Using Hybrid Clouds to Reduce Capex
It may depend on the industry, but we can tell that businesses like operational expenses. They are typically tax-deductible; they are also a place where you can easier cut costs if possible. One of the assets that generate the highest cost for the mainly web-based company is the IT infrastructure. To run your business, you need hardware – servers, network infrastructure and other things.
If you follow “build and maintain your own datacenter” then you have to also build it or adapt it for the role of a datacenter. Redundant power supply, raised floor, precision air conditioning systems, network and power lines, racks, hardware. All of this infrastructure will be a part of capital expenses – it is a huge investment that you can’t easily get rid of should your strategy or cost structure change. Here comes the hybrid cloud – a solution to reduce your CAPEX and allow you to react better to what is happening in your business.
Rent Your Infrastructure
Public cloud providers provide you with the ability to “rent” hardware instead of owning it. For starters, this alone is a change in your organisation’s expense structure. Instead of getting expensive hardware and then amortizing it you can just rent the resources on an as-needed basis. Instead of amortization, you only pay the invoice, and you can deduct all of your costs and reduce taxation.
Pay As You Go Option
Another reason why cloud computing is good for your company is the clarity it brings to the table. Cloud providers charge you on a pay-as-you-go basis – it pretty much means that at any point in time you are aware of what your expenditures are related to the IT infrastructure. This helps you to determine if you happen to use the resources efficiently. In the “maintain your own infrastructure” case, it is not so clear. Sure, you know what you paid for the hardware but is all of it really used? Not really – you have to keep some headroom for dealing with temporary load fluctuations.
Cost and Resource Scalability
Cost-wise, on the one hand, it is good to have a stable cost structure that is predictable, and you can project it in the future. Owning infrastructure helps you with that. On the other hand, those are expenses that you don’t have much control over. What if your business will slow down? Can you easily reduce costs related to your IT infrastructure? Not really. On the other hand, with a hybrid cloud, you can easily scale down the public cloud part of your environment in a matter of seconds. You don’t need the resources? Scale down vertically or horizontally – it’s just a click or a script execution away.
Support and Maintenance
You may also consider using a hybrid approach because infrastructure requires maintenance and staff to watch over it. You need someone to make sure that everything is working properly, someone who’ll manage your network, air conditioning systems, power, security. You need someone who will set up the hardware and install it in your datacenter. Obviously, you have to pay such people and, as long as you have something running in your DC, those people are irreplaceable. You cannot reduce expenses related to them even if your needs are significantly reduced because the business is slowing down. This is not something you can really predict and plan for (has anyone predicted the COVID-19 pandemic, which is still impacting businesses across the globe?). On the other hand, the resources you use in the public cloud are not something you have to worry about. There is maintenance, but it happens under the hood. You can reduce the size of your infrastructure at any moment to any level.
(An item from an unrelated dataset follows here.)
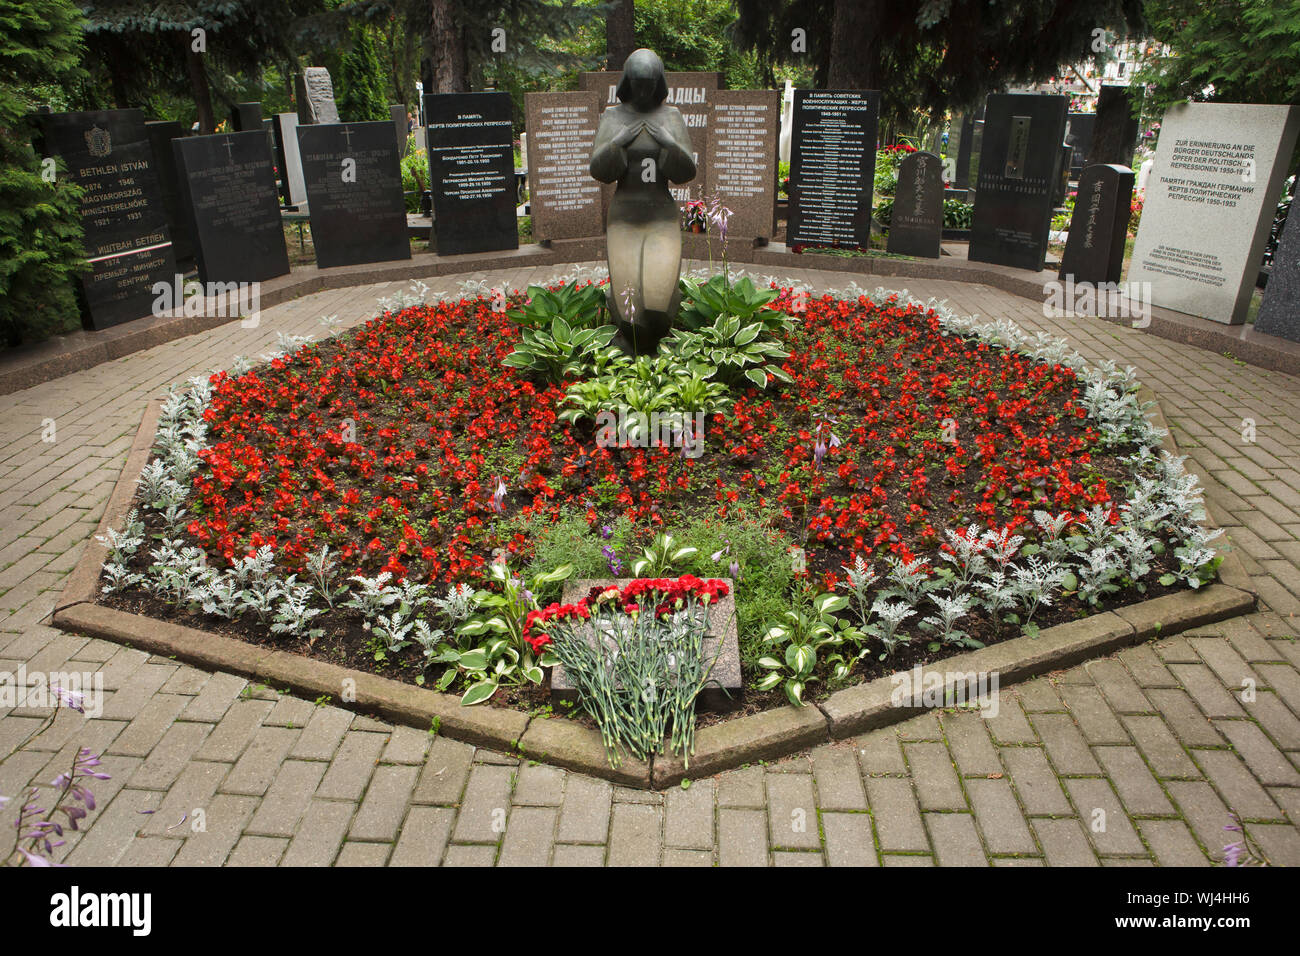 Tombe commune des cendres non réclamées numéro trois, où les gens exécutés par le NKVD ont été secrètement enterré de 1945 à 1953, à l'Donskoye cimetière à Moscou, Russie. Il est estimé que le charnier contient le reste des membres du Comité juif antifasciste, prisonniers de guerre japonais, atamans Cosaques Piotr Krasnov et Andrei Shkuro, ainsi de la demeure des chefs militaires de l'Armée de libération russe (OAK) pendant la Seconde Guerre mondiale, les généraux : Andrey Vlasov, Fiodor Truhin et Sergei Bunyachenko exécuté en 1946. Demeure du célèbre chef de la police secrète soviétique Lav Banque D'Images
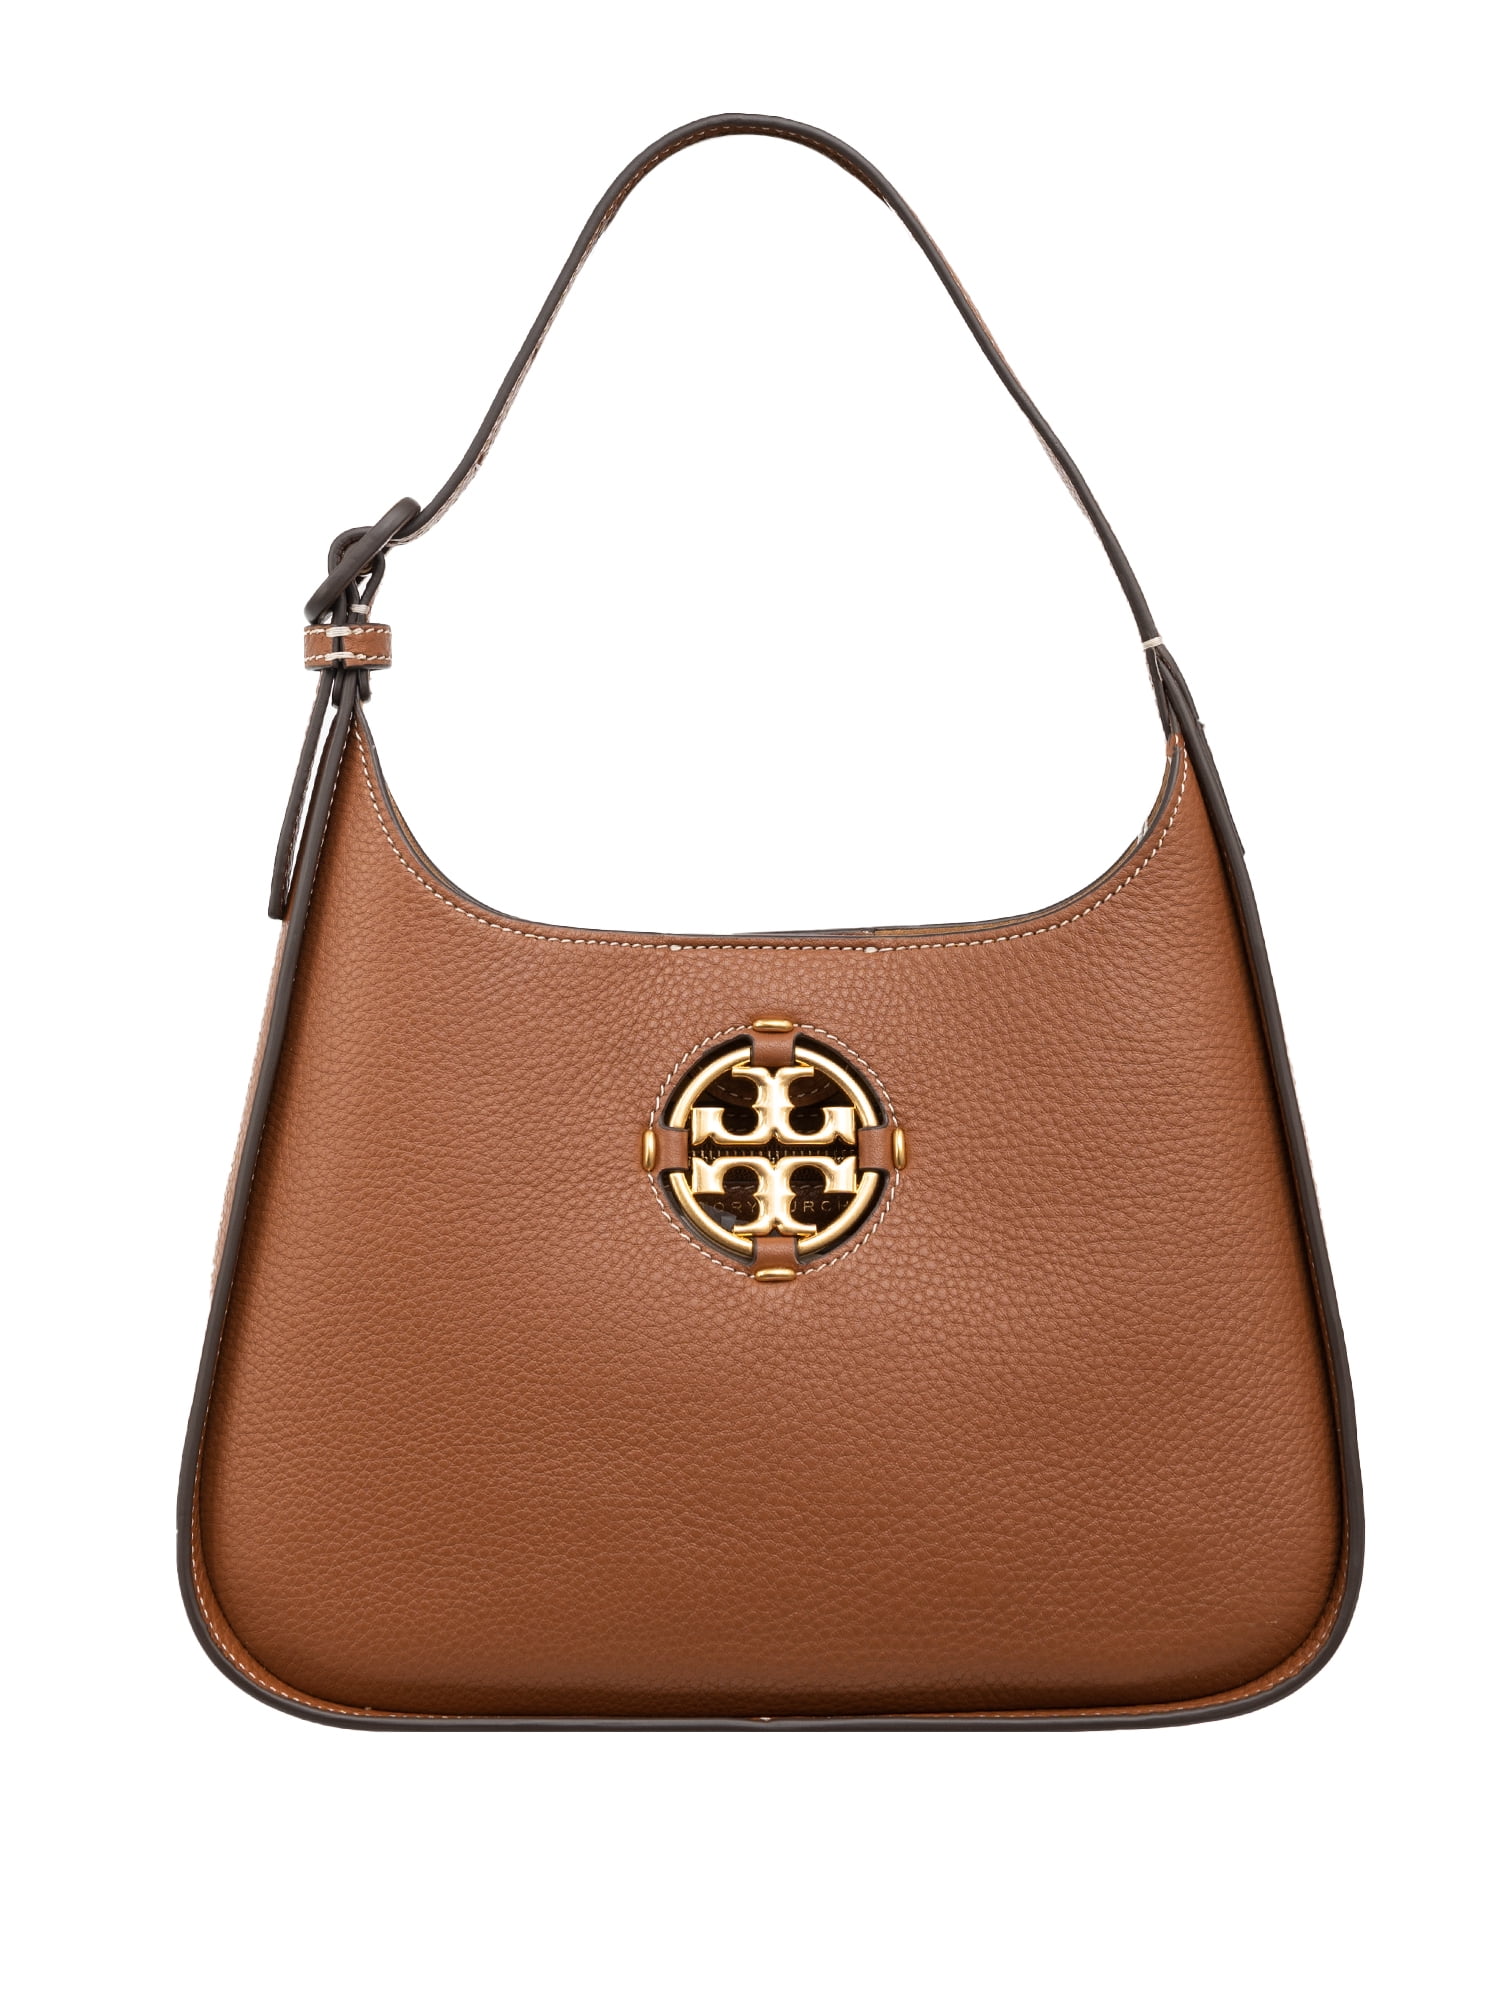 Miller Phone Crossbody: Women's Handbags, Mini Bags

Experiment with Latest Technologies
On-prem setups, as we mentioned before, maybe a significant investment. You probably want to get the most out of them for as long as it is possible. The problem with the IT world is that it changes very quickly. Hardware changes, solutions change. Top tier hardware that you bought three years ago is no longer top tier anymore. Maybe it would make sense to switch from Intel to AMD or ARM CPUs for your particular workload? Maybe you could use faster networking? This is not something you can easily (and cheaply) change when you have bought a whole batch of hardware a year or two ago. Hybrid cloud helps you to get the most out of the public cloud offerings – if you want to experiment and test some new technologies, it’s just a matter of spinning some instances or starting some services, and you are all set. Migration from one CPU type to another is a matter of starting new instances. Obviously, it’s also involved with the whole migration process, but that’s another story – you have to perform it as well if you do the migration in your own datacenter. Another difference is in the public cloud; after successful migration, you just destroy old, not used instances, and you are all set. In the “own datacenter” scenario, you end up with a pile of hardware you have paid for, but you are not using anymore.
What’s also very important, this is not just an accountant trick – it significantly impacts how your business can operate. An ability to quickly add hardware resources and scale up to match the demand is a huge change. Originally, you had to maintain an unused pool of resources to accommodate spikes in the load. It is not really possible to add the resources in close-to-real time if you own your data center (unless you have spare servers lying somewhere and gathering the dust, but that’s not the most efficient way of utilizing resources). You have to order the hardware, wait for it to be delivered, configure it and set it up. With a public cloud all you need to have is a set of scripts that will be able to provision the software in the way you want – that’s all. Hardware, typically, will be available in a matter of minutes. This is a huge game-changer that allows your business to operate quicker and more efficiently than before – this can help your organization create a business advantage.